Certamente devem ter as suas razões para pensar assim (não falo de relativismo, digo que algo antecede, algo foi transmitido para gerar esse agir e pensar), mas eu estou lado oposto.
Por isso, Lenio Streck, grande mestre, é o meu herói.
Não acredite em tudo que o senhor lê aqui.
Tais dados sobre linchamentos são irreais. Aqui, pouquíssimos crimes são elucidados. E a maior parte dos chamados justiçamentos não é feita pelo povo, sim pelos criminosos nas comunidades encravadas em territórios que o Estado perdeu para o crime (mesmo Estado que nada faz e fez desde 88, deixando domínio de território na mão de facínoras).
A impunidade mudou a face do nosso país. Criminosos de toda espécie ficam à vontade. É cotidiano a Polícia prender pessoas com 20, 25 e até 30 passagens pelo sistema, respondendo em liberdade por crimes diversos, inclusive homicídios.
Não sei se o senhor é uma pessoa viajada.
Eu, pela minha profissão, conheço - praticamente - o mundo todo.
Falar do povo brasileiro desconhecendo países Africanos, a Índia, e outros situados no Oriente Médio e Ásia, demonstra apenas desconhecimento sobre o comportamento humano em diversos países/regiões mundo afora.
Nossa violência é fruto da impunidade.
Combata a impunidade que o crime diminui.
Quanto ao Prof.

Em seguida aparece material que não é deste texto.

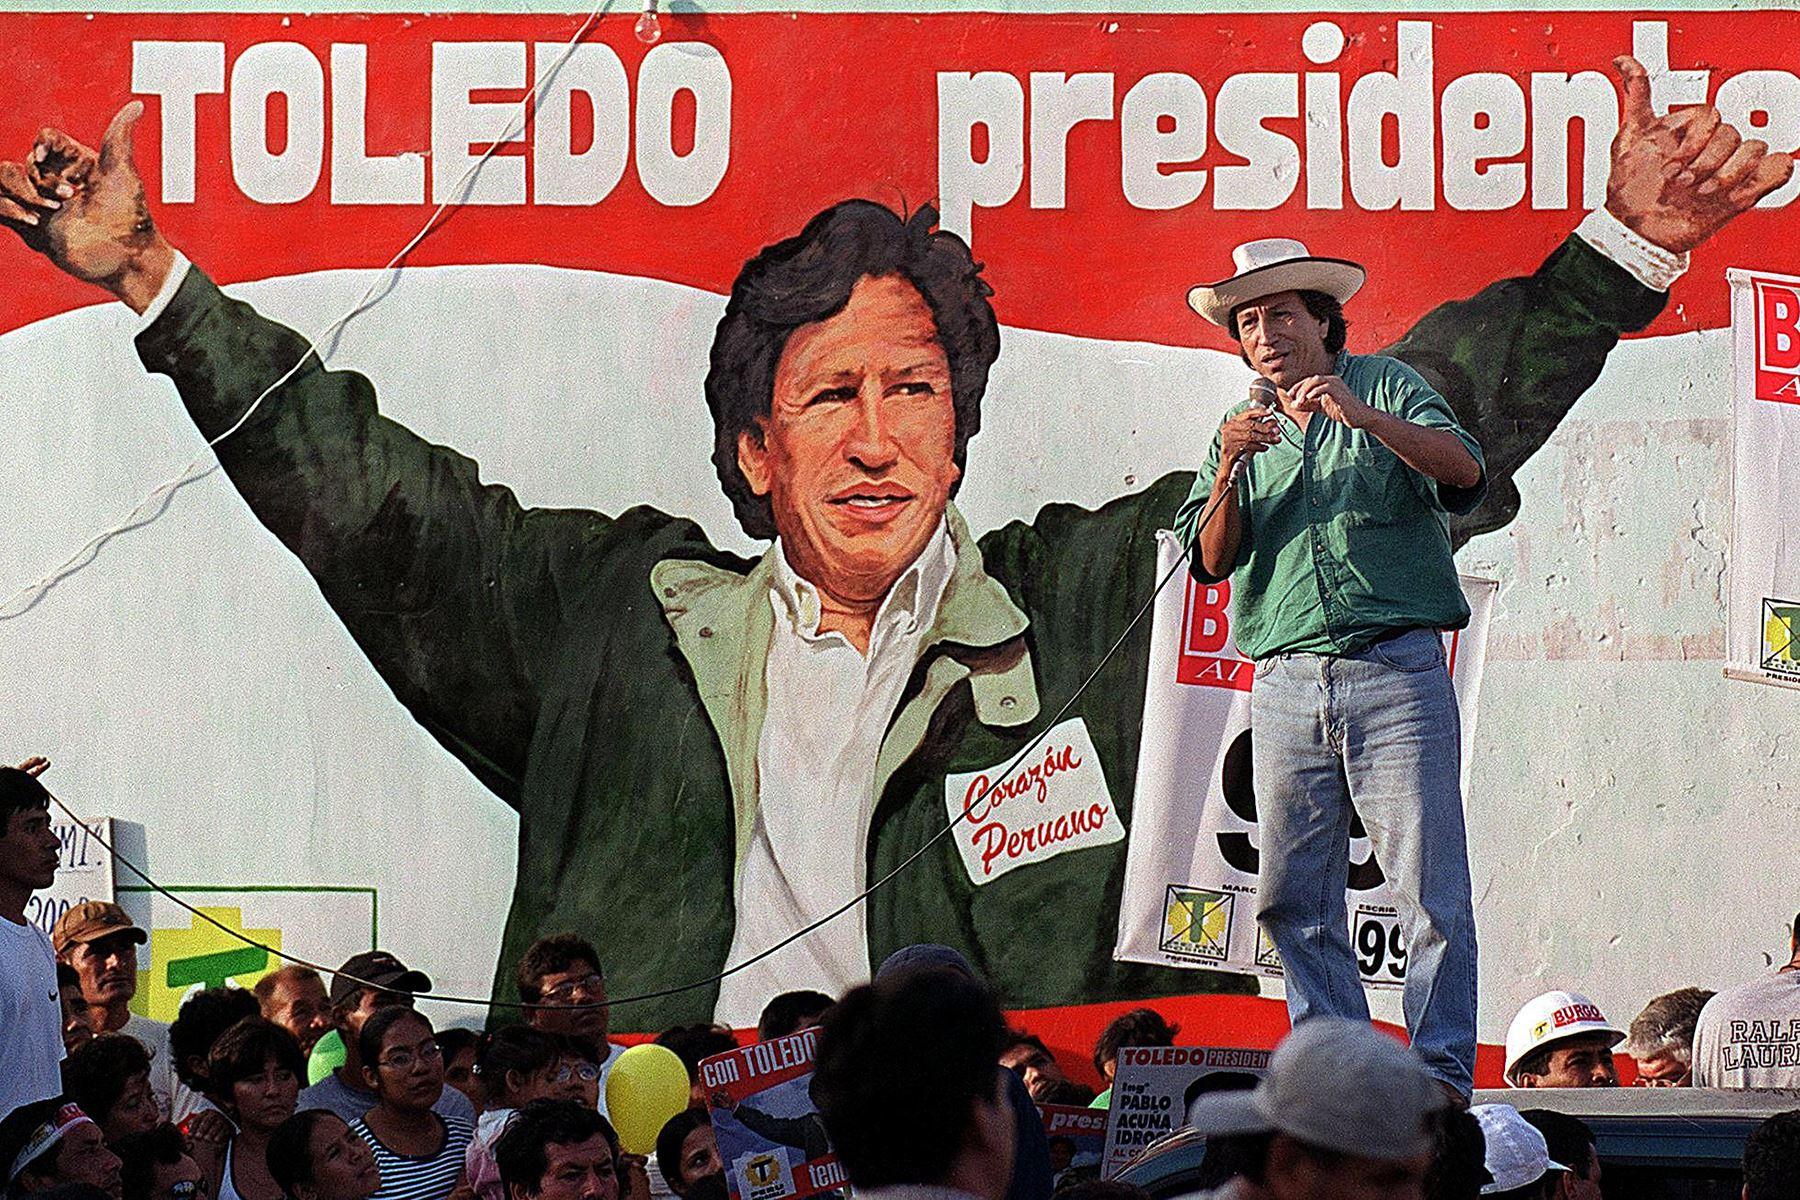 Alejandro Toledo, dando un discurso en la ciudad de Chiclayo el 17 marzo 2000. Toledo disputará con el presidente y el candidato Alberto Fujimori las elecciones del 09 de Abril próximo.  Foto: AFP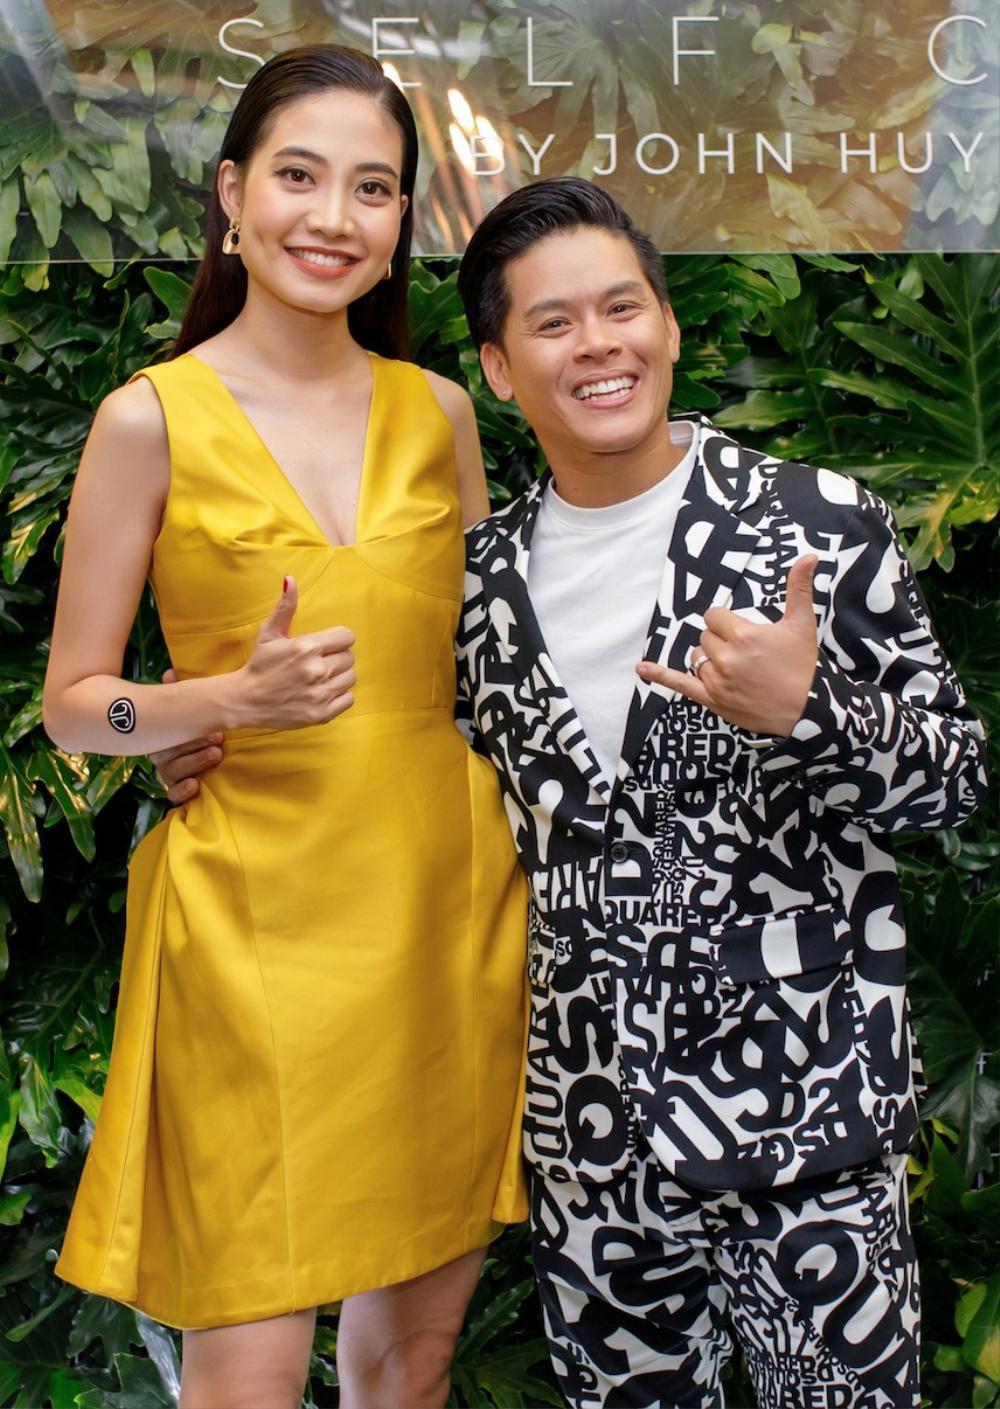 John Huy Trần ra mắt trang phân phối sản phẩm làm đẹp trực tuyến Ảnh 4

Lênio.
Não preciso concordar com ele para afirmar que é um grande brasileiro.
Se não existisse, teria que ser inventado.
Abraços
Leio sempre sua coluna - quase sempre, a bem da verdade, pois às vezes suas reflexões me trazem mais melancolia frente ao status quo que parece mais trágico a cada dia -, no entanto, apenas hoje realizei minha inscrição na Conjur para poder comentar pois senti uma necessidade fisiológica em fazê-lo. Dito isto, prossigo:
Essa coluna sintetizou meu sentimento atual acerca das discussões jurídicas travadas com colegas: desânimo e leve desespero...
É o caos! Os néscios se reproduzem por mitose. Deus nos socorra!!! O que fazer? Resistir. Resistir. Resistir.
No mais, sua existência para o Direito brasileiro nunca se fez tão necessária. Resista!